De algemene benaderingen voor apps aan de serverzijde en clientzijde Blazor zijn vergelijkbaar, maar verschillen in hun exacte implementaties, dus dit artikel draait tussen apps aan de serverzijde Blazor en apps aan de clientzijde Blazor . Gebruik de draaikiezer boven aan het artikel om de draaitabel van het artikel te wijzigen zodat deze overeenkomt met het type Blazor project waarmee u werkt:
- Apps aan de serverzijde Blazor (Server pivot): Blazor Server voor .NET 7 of eerder en het serverproject van een Blazor Web App vanaf .NET 8 of hoger.
- Apps aan de clientzijde Blazor (pivot): Blazor WebAssembly voor alle versies van .NET of het Blazor WebAssembly project van een
.Client.NETBlazor Web App 8 of hoger.
Abstracte AuthenticationStateProvider klasse
Het Blazor framework bevat een abstracte AuthenticationStateProvider klasse voor informatie over de verificatiestatus van de huidige gebruiker met de volgende leden:
- GetAuthenticationStateAsync: Haalt asynchroon de authenticatiestatus van de huidige gebruiker op.
- AuthenticationStateChanged: Een gebeurtenis die een melding geeft wanneer de verificatiestatus is gewijzigd. Deze gebeurtenis kan bijvoorbeeld worden gegenereerd als een gebruiker zich aanmeldt of afmeldt bij de app.
- NotifyAuthenticationStateChanged: hiermee wordt een wijziging van de verificatiestatus gegenereerd.

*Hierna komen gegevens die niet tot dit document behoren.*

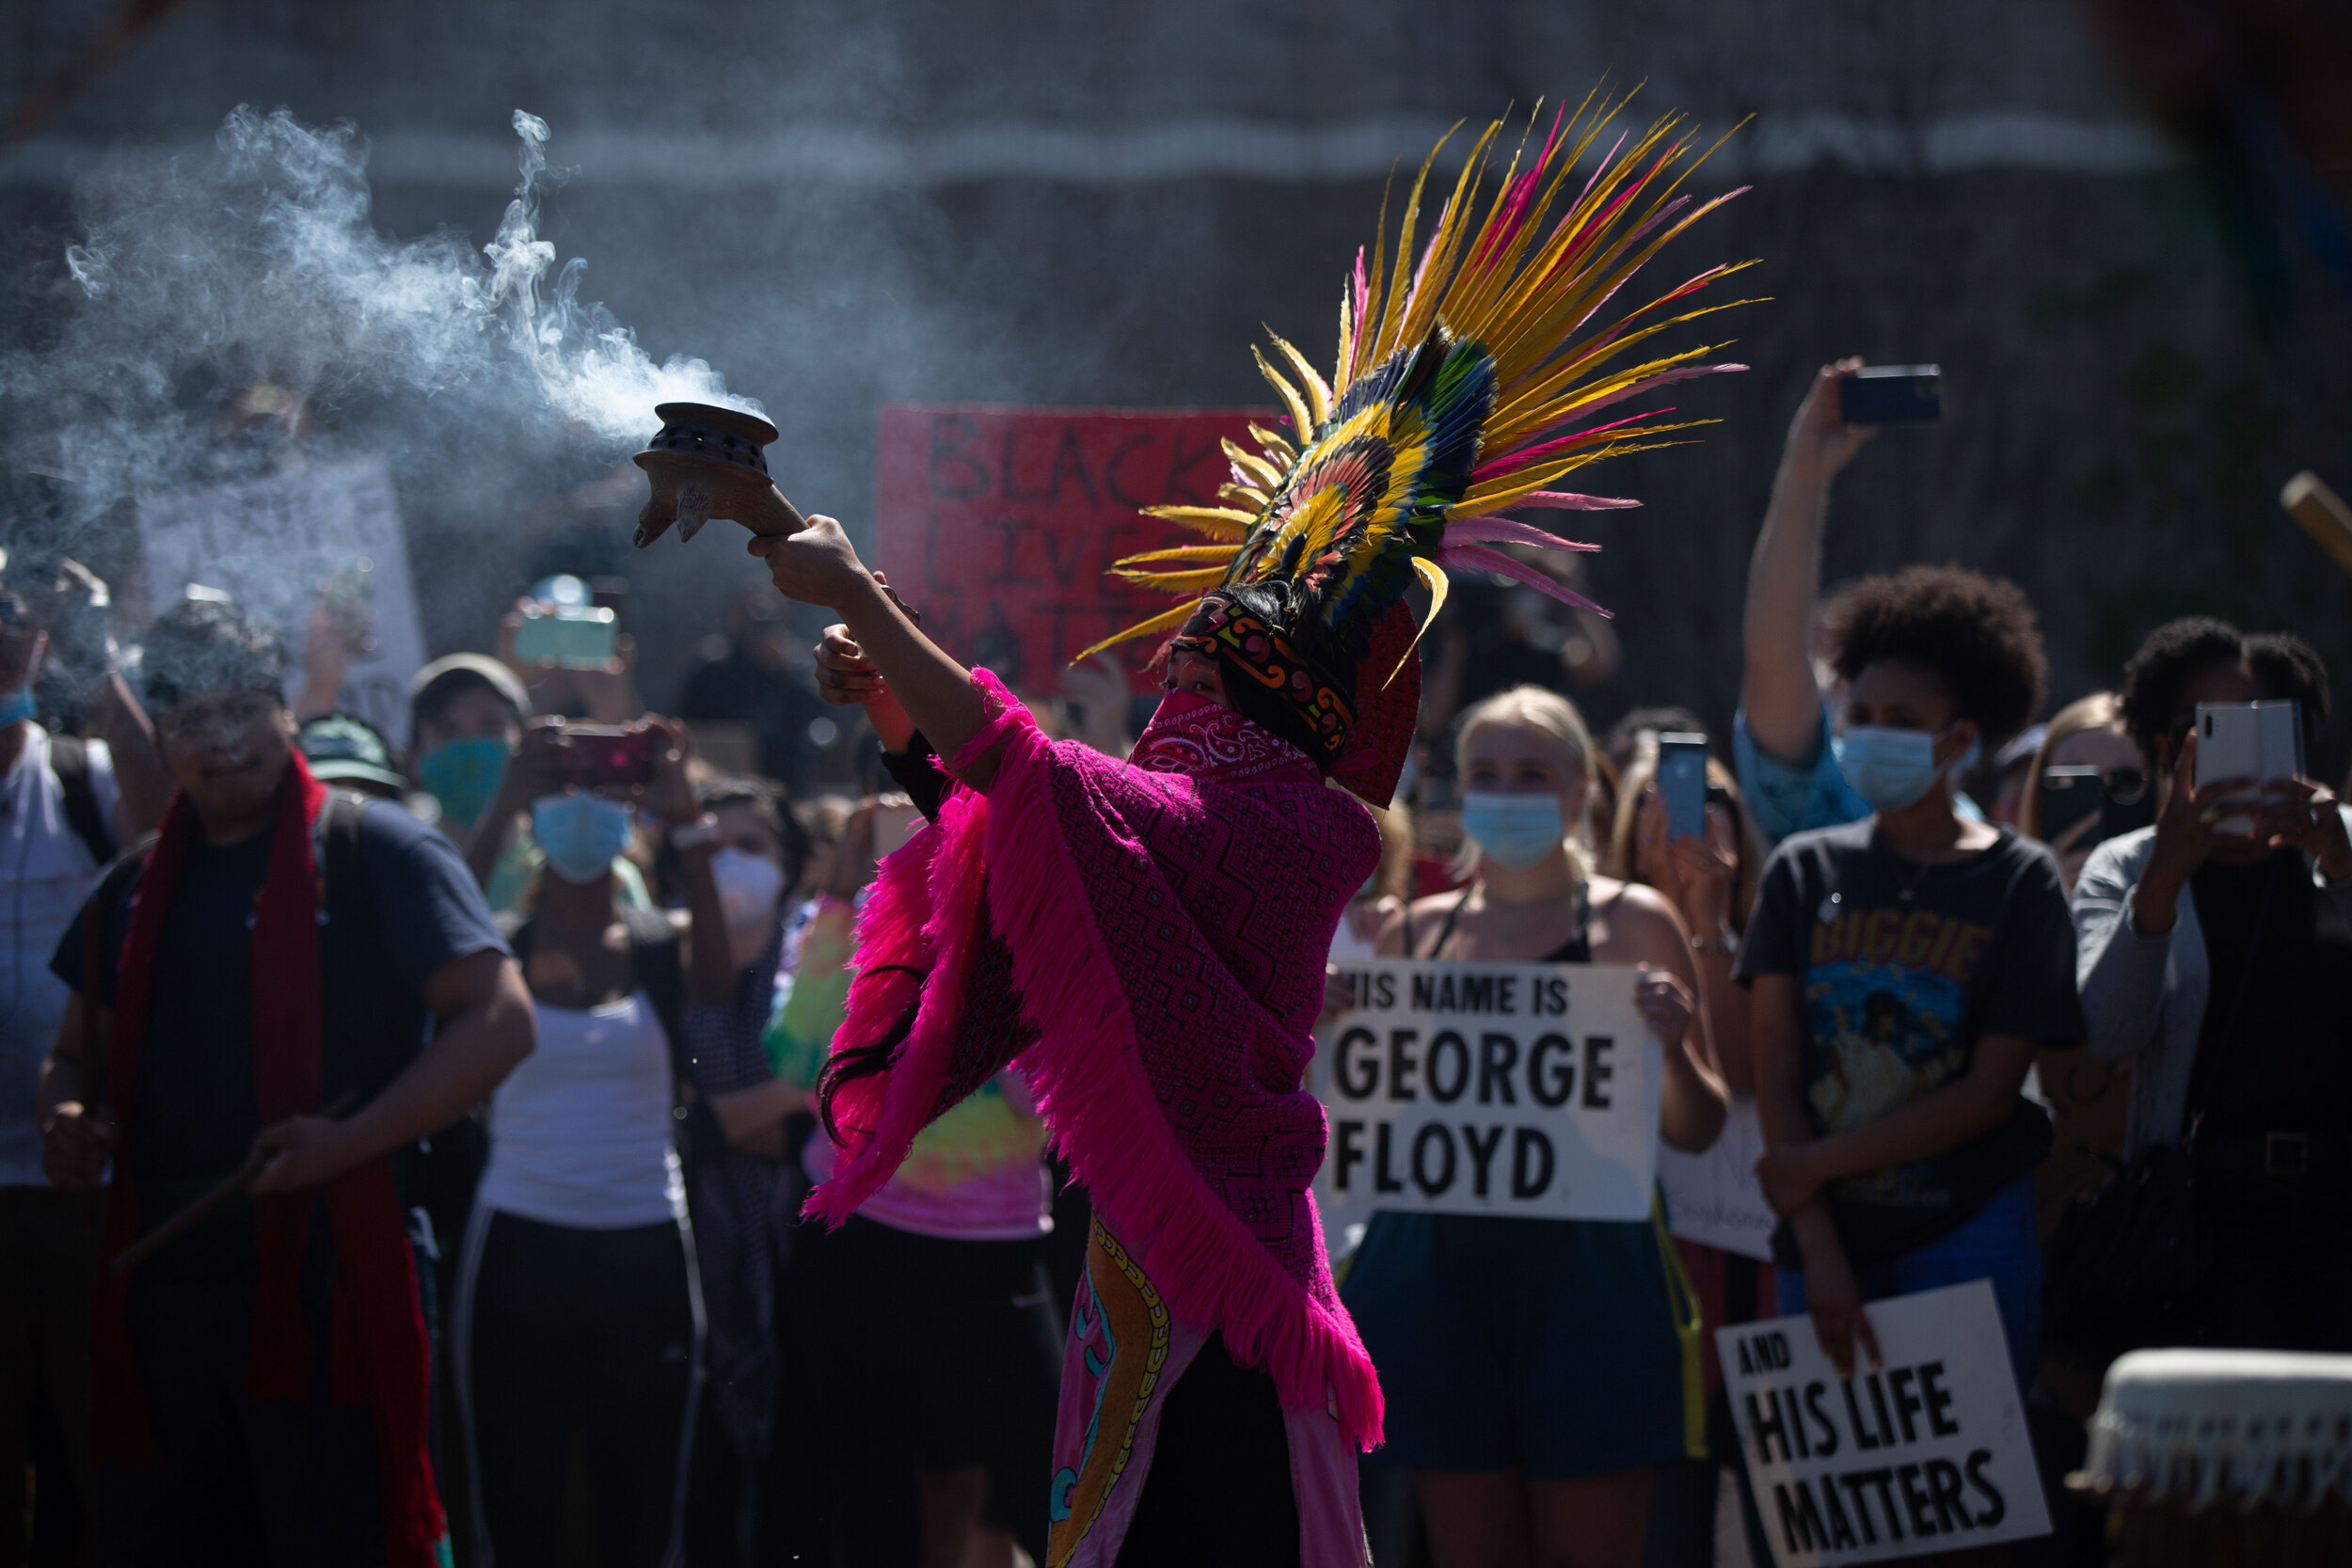  An Aztec dancer burns sage during a protest over the police killing of George Floyd in Minneapolis, Minnesota on May 30, 2020. Chris Juhn/Zuma.

Implementeer een aangepaste AuthenticationStateProvider
De app moet verwijzen naar het Microsoft.AspNetCore.Components.Authorization NuGet-pakket, dat ondersteuning biedt voor verificatie en autorisatie voor Blazor apps.
Opmerking
Zie voor richtlijnen over het toevoegen van pakketten aan .NET-apps de artikelen onder Pakketten installeren en beheren in de Package consumption workflow (NuGet-documentatie). Bevestig de juiste pakketversies op NuGet.org.

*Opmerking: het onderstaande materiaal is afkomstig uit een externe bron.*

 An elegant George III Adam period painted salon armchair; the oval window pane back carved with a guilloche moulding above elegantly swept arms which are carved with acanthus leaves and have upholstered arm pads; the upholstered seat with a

Configureer de volgende verificatie-, autorisatie- en trapsgewijze verificatiestatusservices in het Program bestand.
Wanneer u een Blazor app maakt op basis van een van de Blazor projectsjablonen waarvoor verificatie is ingeschakeld, wordt de app vooraf geconfigureerd met de volgende serviceregistraties, waaronder het weergeven van de verificatiestatus als een trapsgewijze parameter. Zie ASP.NET Core-verificatie Blazor en -autorisatie voor meer gedetailleerde informatie in de sectie Aanpassen van niet-geautoriseerde inhoud met de Router-component van het artikel.

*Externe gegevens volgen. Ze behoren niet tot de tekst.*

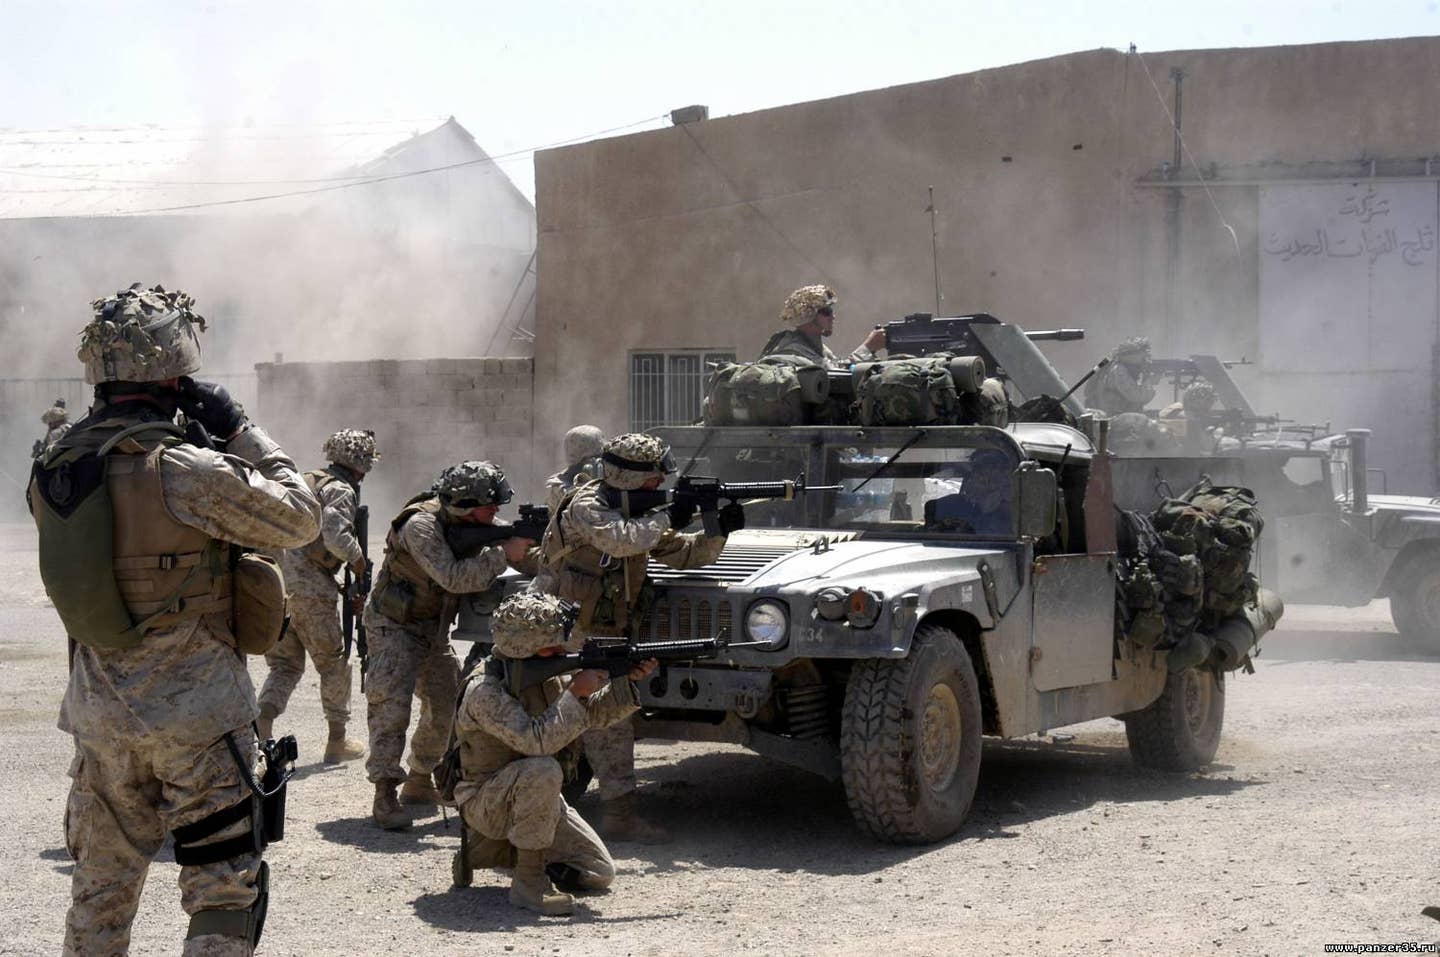 U.S. Marines with Company A, 1st Battalion, 5th Marine Regiment. Marine Captain Philip Treglia calls in an airstrike while his Marines fire against terrorists operating in Fallujah on April 7, 2004. <em>Credit: U.S. Marine Corps photo by Cpl. Matthew J. Apprendi/Wikimedia Commons</em>

using Microsoft.AspNetCore.Components.Authorization;
...
builder.Services.AddAuthorization();
builder.Services.AddCascadingAuthenticationState();
Configureer verificatie- en autorisatieservices in het Program bestand.
Wanneer u een Blazor app maakt op basis van een van de Blazor projectsjablonen waarvoor verificatie is ingeschakeld, bevat de app de volgende serviceregistratie.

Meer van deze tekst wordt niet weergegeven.